The advice I would give Americans is that stop being too simplistic with the world view, because others also are reading and having a take and an opinion in their life and what concerns them.
Greg,
You are correct on the incorrect use of Afrikaners, which applies to whites in South Africa of European descent who speak Afrikaans. We should have said Africans. Thanks for pointing out the error.
As far as the reference to Africa as the “Dark Continent,“ there are many who think it still applies despite its archaic roots.
Though Africa is mapped, as you say, much of the continent still lacks electricity rendering it literally ‘dark’ at night and, I would argue, that because of the present conditions there, some of which you cite, there’s a metaphoric darkness that remains even as national boundaries have been defined. There are no “journalistic jollies” for us any rate.
Our point here is that China is continuing the history of exploitation that forever has shaped Africa. The West has played an enormous part in this, but also has engaged in some humanitarian efforts and has opposed—admittedly, primarily with words rather than real action—the horrific abuses of the African people.
China, meanwhile, has actively engaged in a policy of looking the other way while feeding corrupt governments the money to sustain their bloody rule.

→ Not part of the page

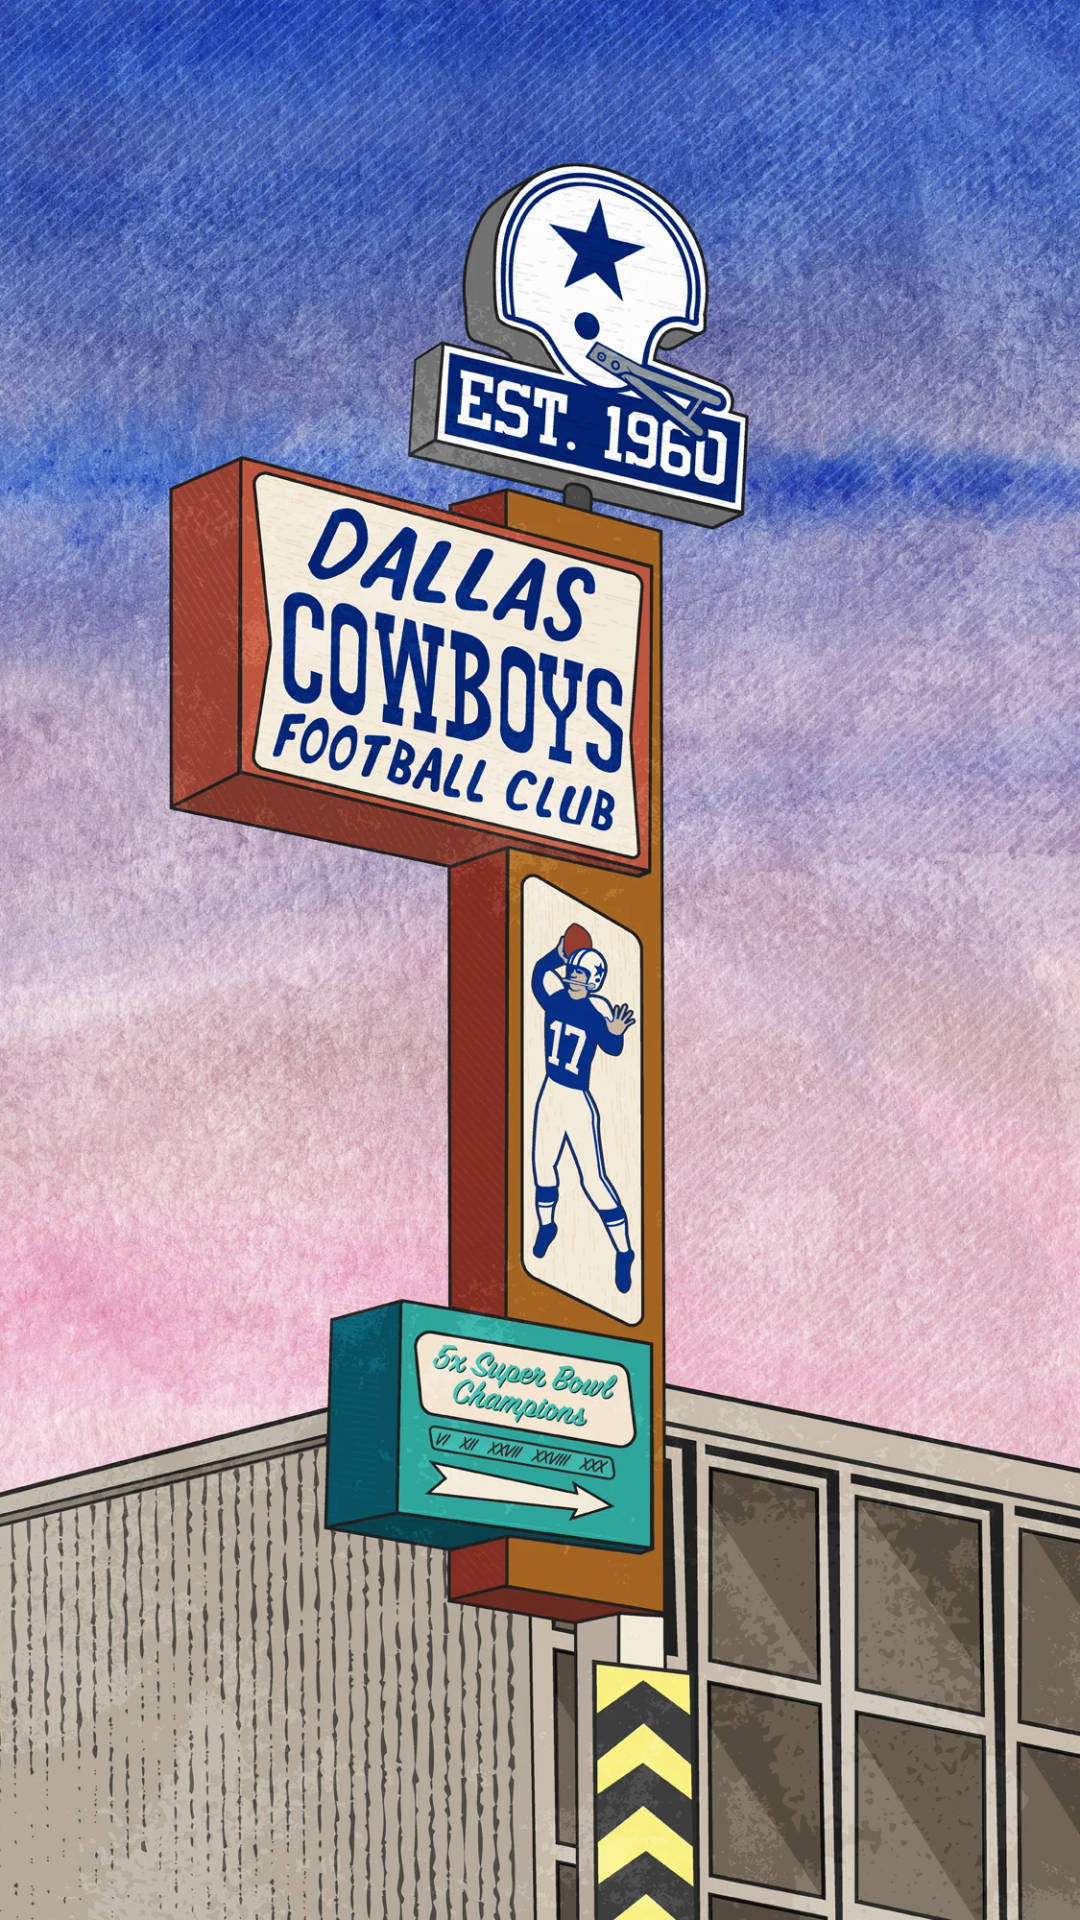 Letrasdo Prédio Dos Dallas Cowboys. Papel de Parede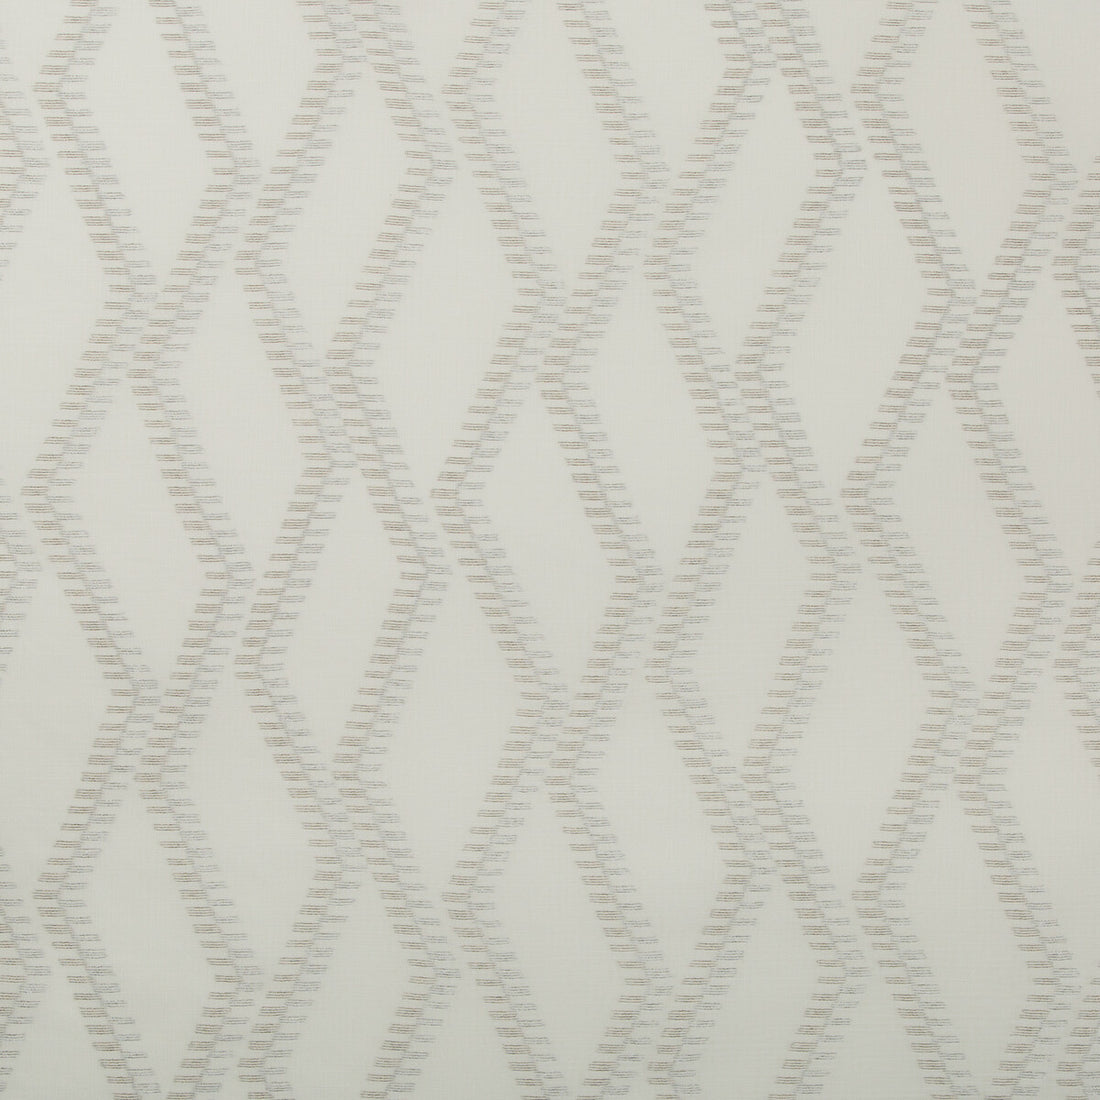 Kravet Basics fabric in 4695-106 color - pattern 4695.106.0 - by Kravet Basics

None of this takes away from the valid points you make. As China is investing in Africa coveting natural resources, American corporations are investing in China coveting cheap labor. In the process, we are steadily losing our capacity to produce while helping a mortal enemy build wealth.
Undoubtedly, our failures have helped drive Africa’s willingness to welcome China. America and the West’s “positive support” is indeed badly tainted.
We share your hope that Obama will help ‘America win the hearts of African nations.‘ Whether that will or can translate to real action—his attention is likely to be elsewhere—is another question.
It is always a matter of concern when we have competition for natural resources that we need. This particular situation is largely self-inflicted. As our short-sighted CEO’s ship American jobs, American manufacturing technology and American dollars to the Chinese, they are also arming a potentially dominating enemy. The acquisition of natural resources is a logical first step for them to become a power that may replace the United States in short order.
I must say that the editorial’s comment about foreign workers taking jobs that AFRIKANERS covet indicates to me that you don’t know who the afrikaners are.
While anachronistic terms like “the Dark Continent” may give you journalistic jollies, it has lost its meaning since Africa has been fully mapped for so many years.
In addition to our funding of China, our failure to maintain the moral high-ground with respect to Africa is likely to make that continent much more likely to seek another suitor. Staying silent in the face of genocide, refusing to allow impoverished nations to manufacture generic AIDS drugs at a more realistic price for the patients, and other shortfalls taint all of the positive American support of African nations.
We need to be more aware of the image that we engender in such areas of the world. Electing President Obama is a fantastic first step, and I expect many more to come. In the end, America may yet win the hearts of African nations and those in many other parts of the world.